### What you need to do
Among the entries that follow, locate the line with "Swedish Linen Check" and the line with "funny gaming memes". Output those lines and all lines in between, exactly, minus the pictures.

### Extracted information
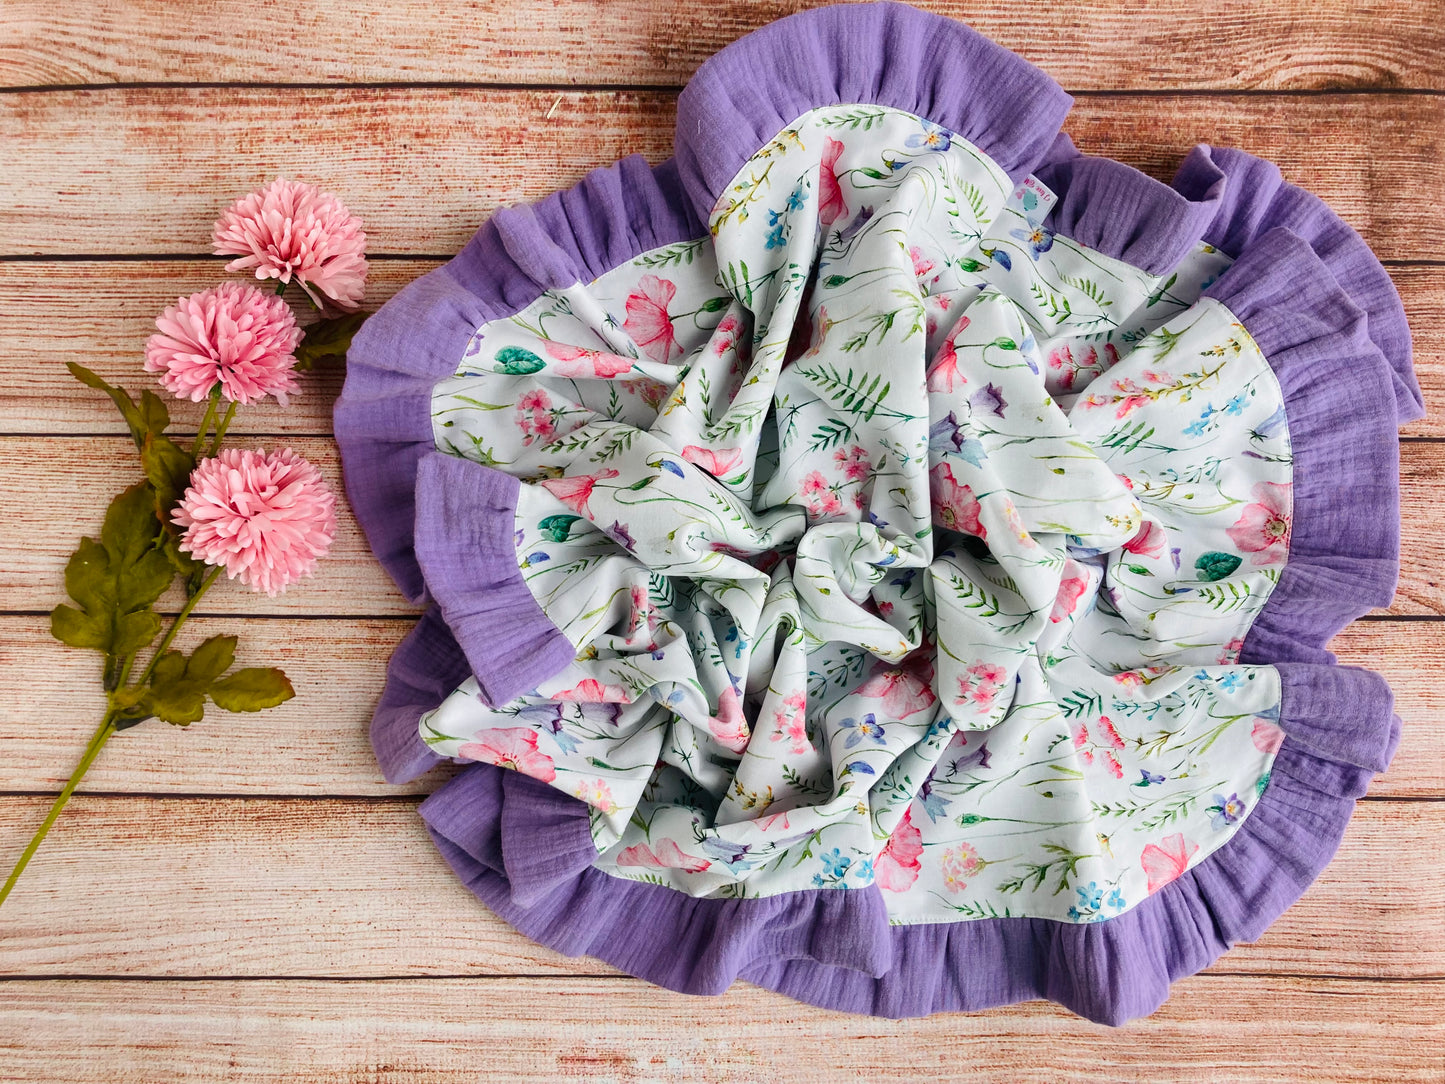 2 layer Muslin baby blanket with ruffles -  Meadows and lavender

--

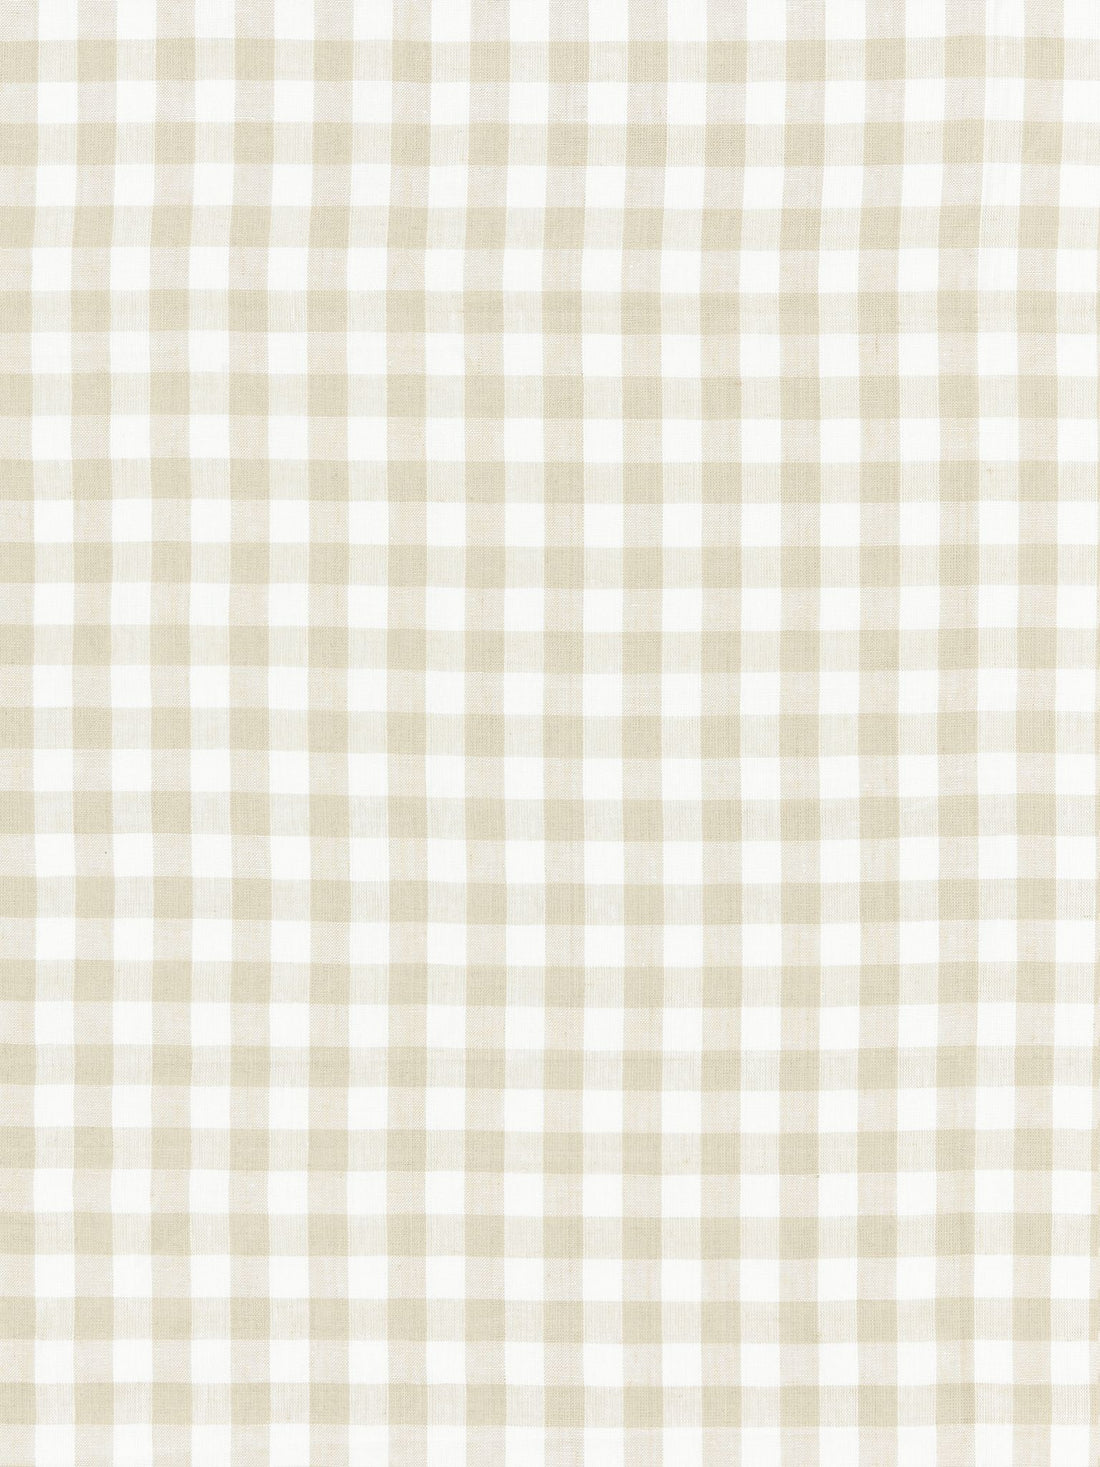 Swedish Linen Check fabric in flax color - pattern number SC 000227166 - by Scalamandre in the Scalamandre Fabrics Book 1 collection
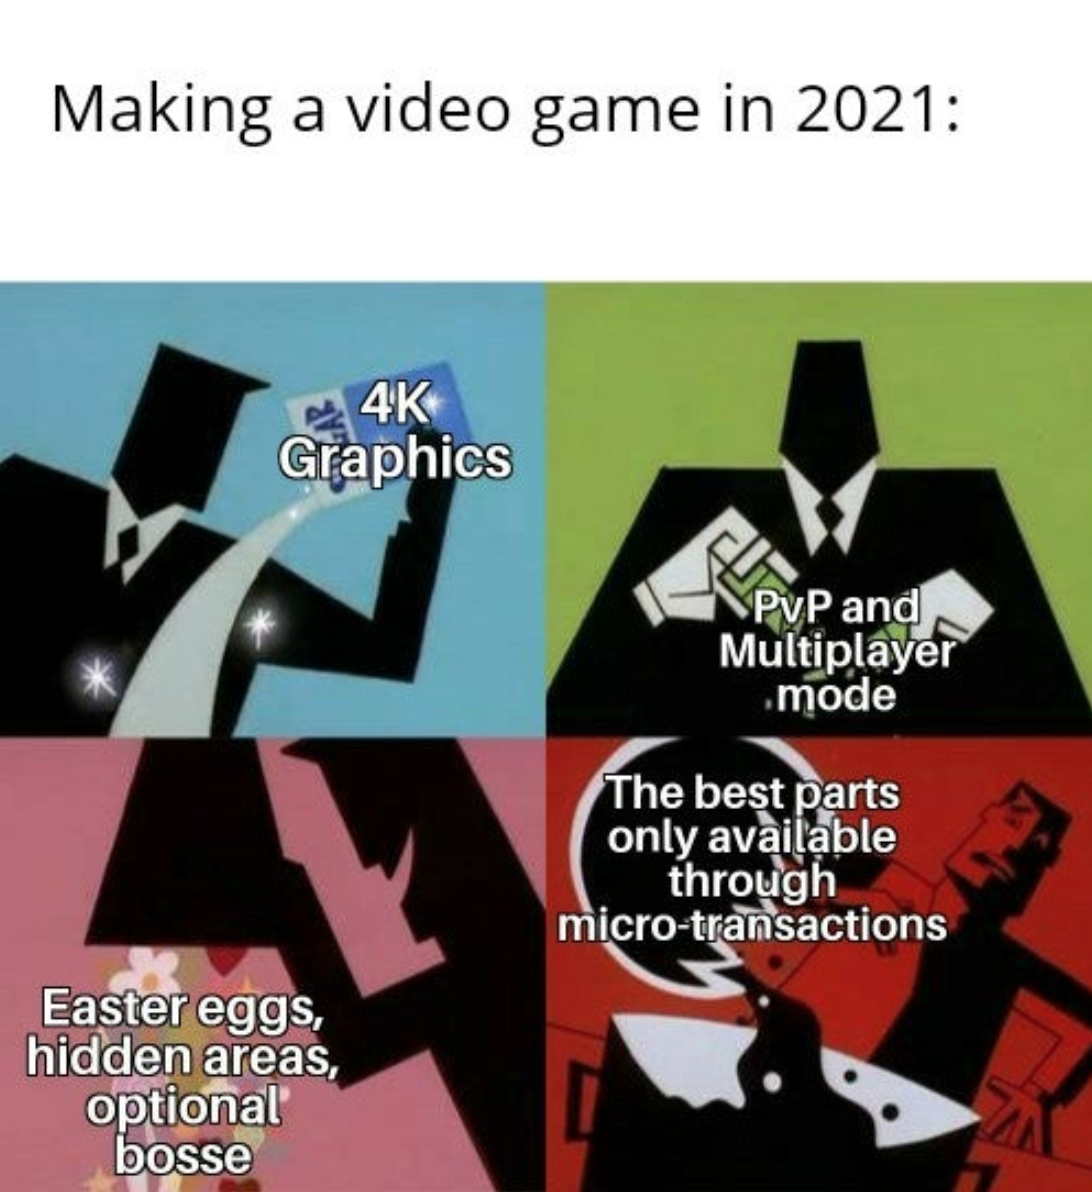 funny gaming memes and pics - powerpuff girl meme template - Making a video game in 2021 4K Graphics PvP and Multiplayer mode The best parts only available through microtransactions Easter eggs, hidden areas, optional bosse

### Exercise answer
 Swedish Linen Check fabric in flax color - pattern number SC 000227166 - by Scalamandre in the Scalamandre Fabrics Book 1 collection
 funny gaming memes and pics - powerpuff girl meme template - Making a video game in 2021 4K Graphics PvP and Multiplayer mode The best parts only available through microtransactions Easter eggs, hidden areas, optional bosse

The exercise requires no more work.